**Problem description:** Each line of the data must be written out again verbatim; no image belongs in the copy.

**Information provided:**

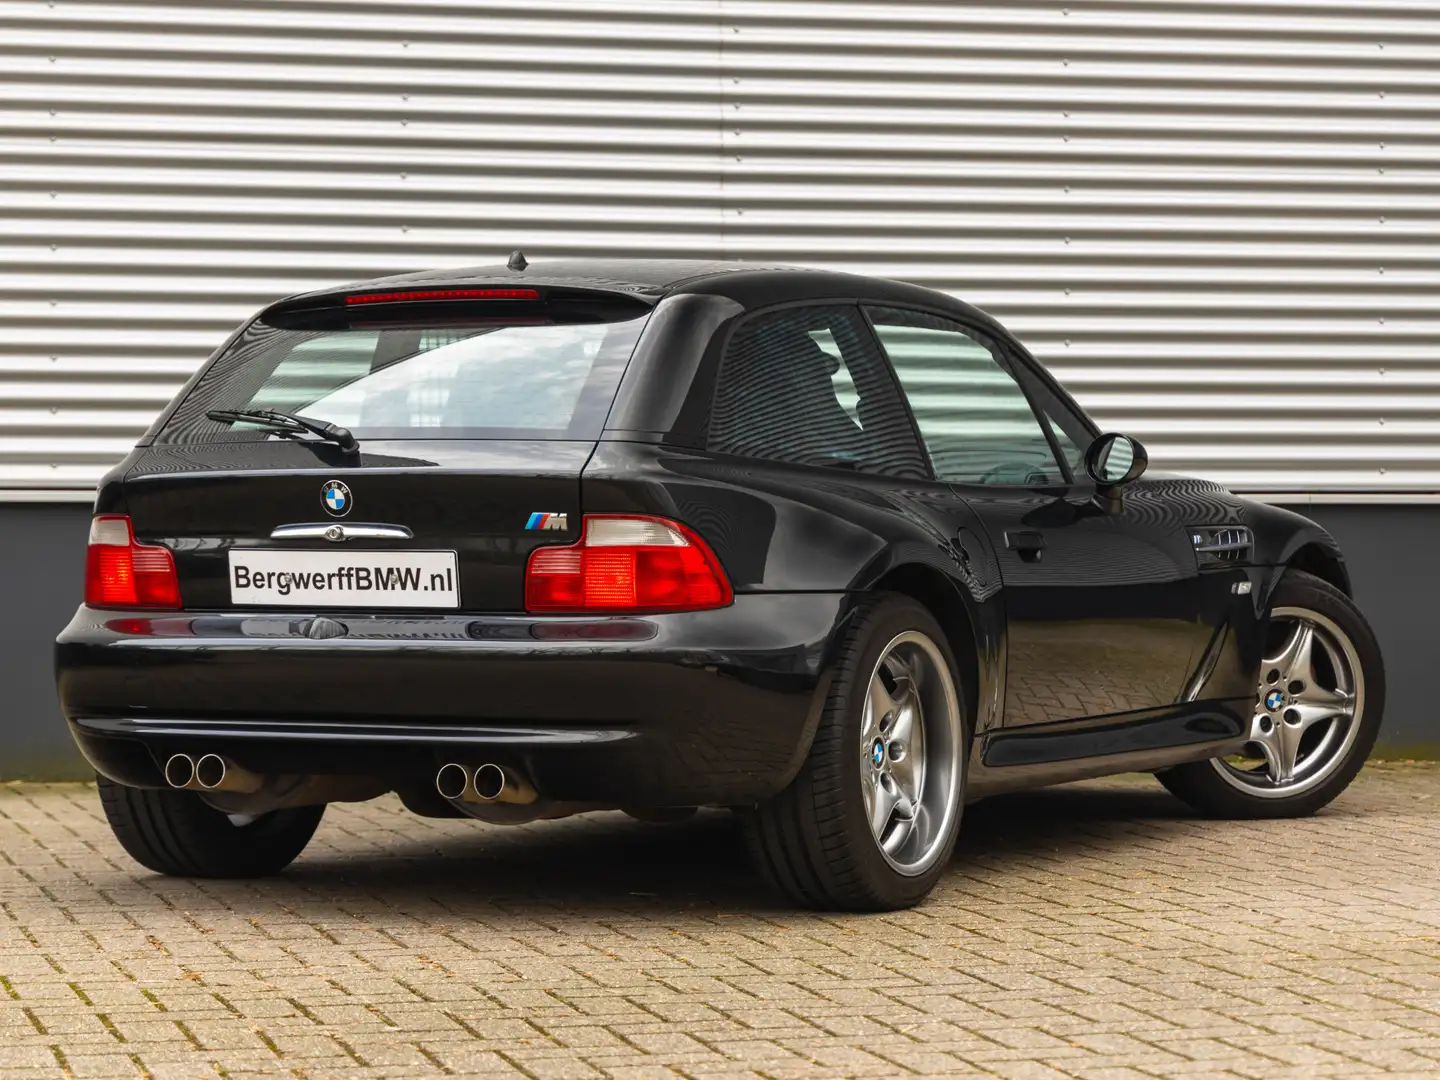 BMW Z3 M Coupé 3.2 M - S54 - 1 of 269 Fekete - 2
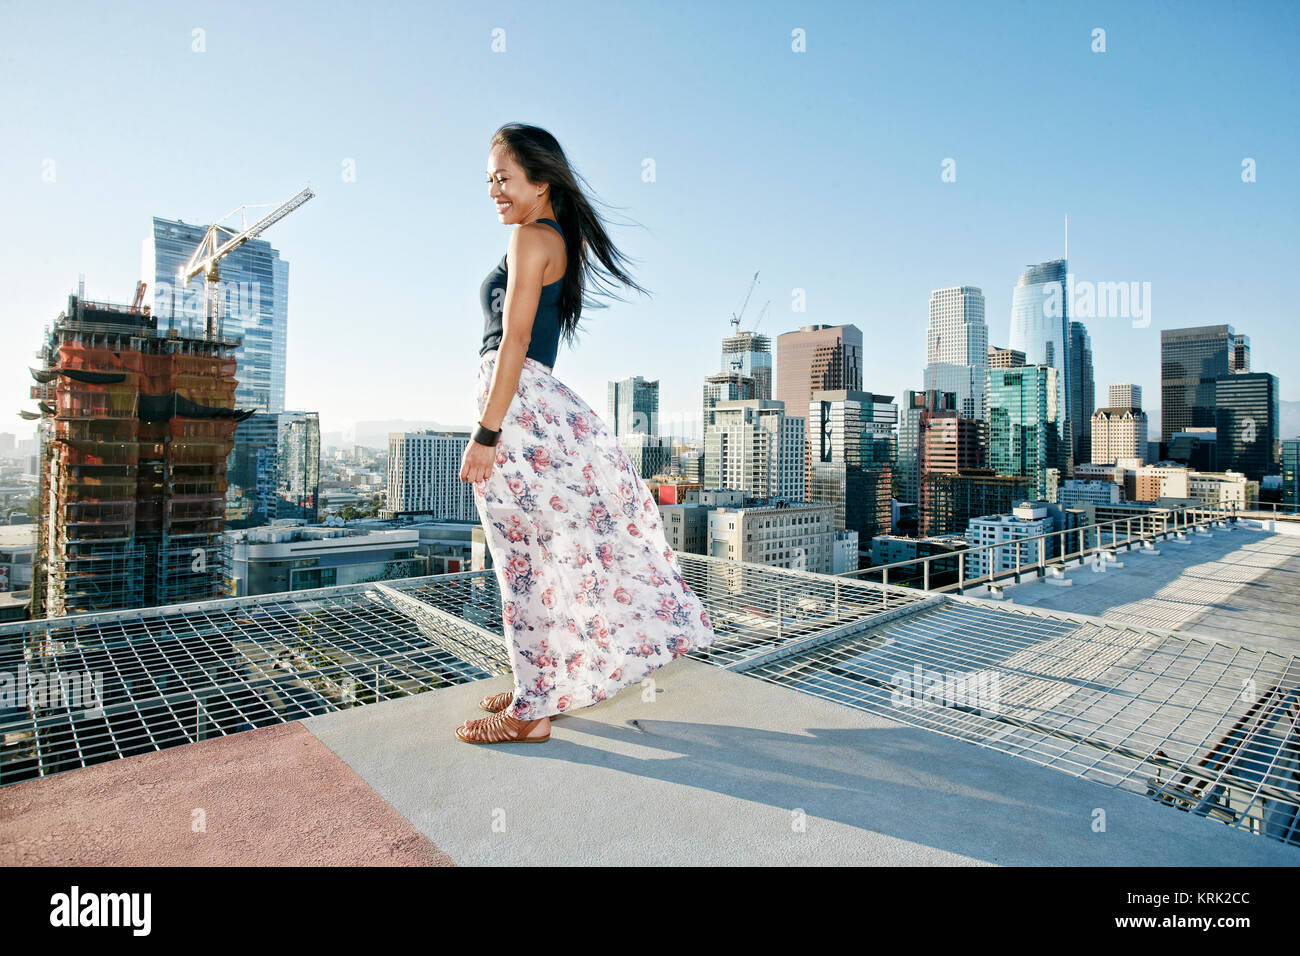 Smiling Asian woman standing on urban rooftop venteux Banque D'Images
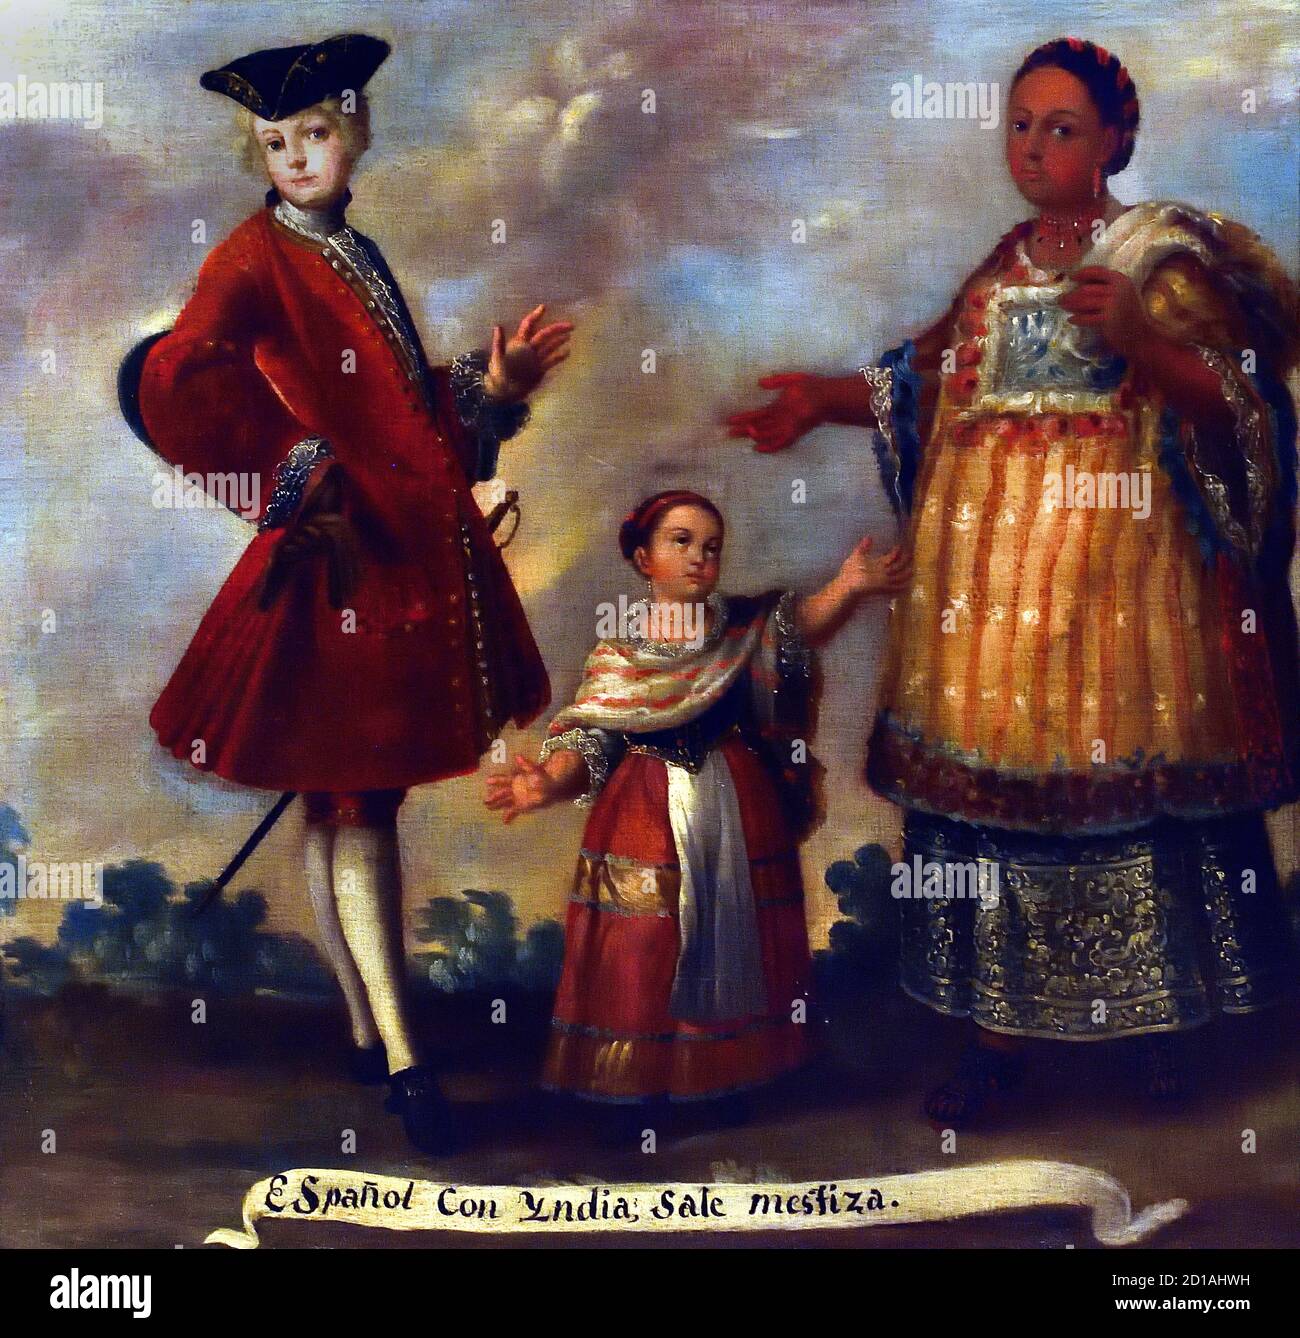 Luis Berrueco,1717-1749 Mexico 18th Century  ( Luis Berrueco comes from a painters' dynasty in Puebla and had a large number of followers) Each of the miscegenation scenes is identified with inscriptions referring to their degree of miscegenation based on indigenous, European and African ethnic tribes, characteristic of a pictorial genre developed in the Viceroyalty of New Spain during the 18th century. . This genre is known as 'caste painting' Stock Photo

**Response to the exercise:**
 BMW Z3 M Coupé 3.2 M - S54 - 1 of 269 Fekete - 2
 Smiling Asian woman standing on urban rooftop venteux Banque D'Images
 Luis Berrueco,1717-1749 Mexico 18th Century  ( Luis Berrueco comes from a painters' dynasty in Puebla and had a large number of followers) Each of the miscegenation scenes is identified with inscriptions referring to their degree of miscegenation based on indigenous, European and African ethnic tribes, characteristic of a pictorial genre developed in the Viceroyalty of New Spain during the 18th century. . This genre is known as 'caste painting' Stock Photo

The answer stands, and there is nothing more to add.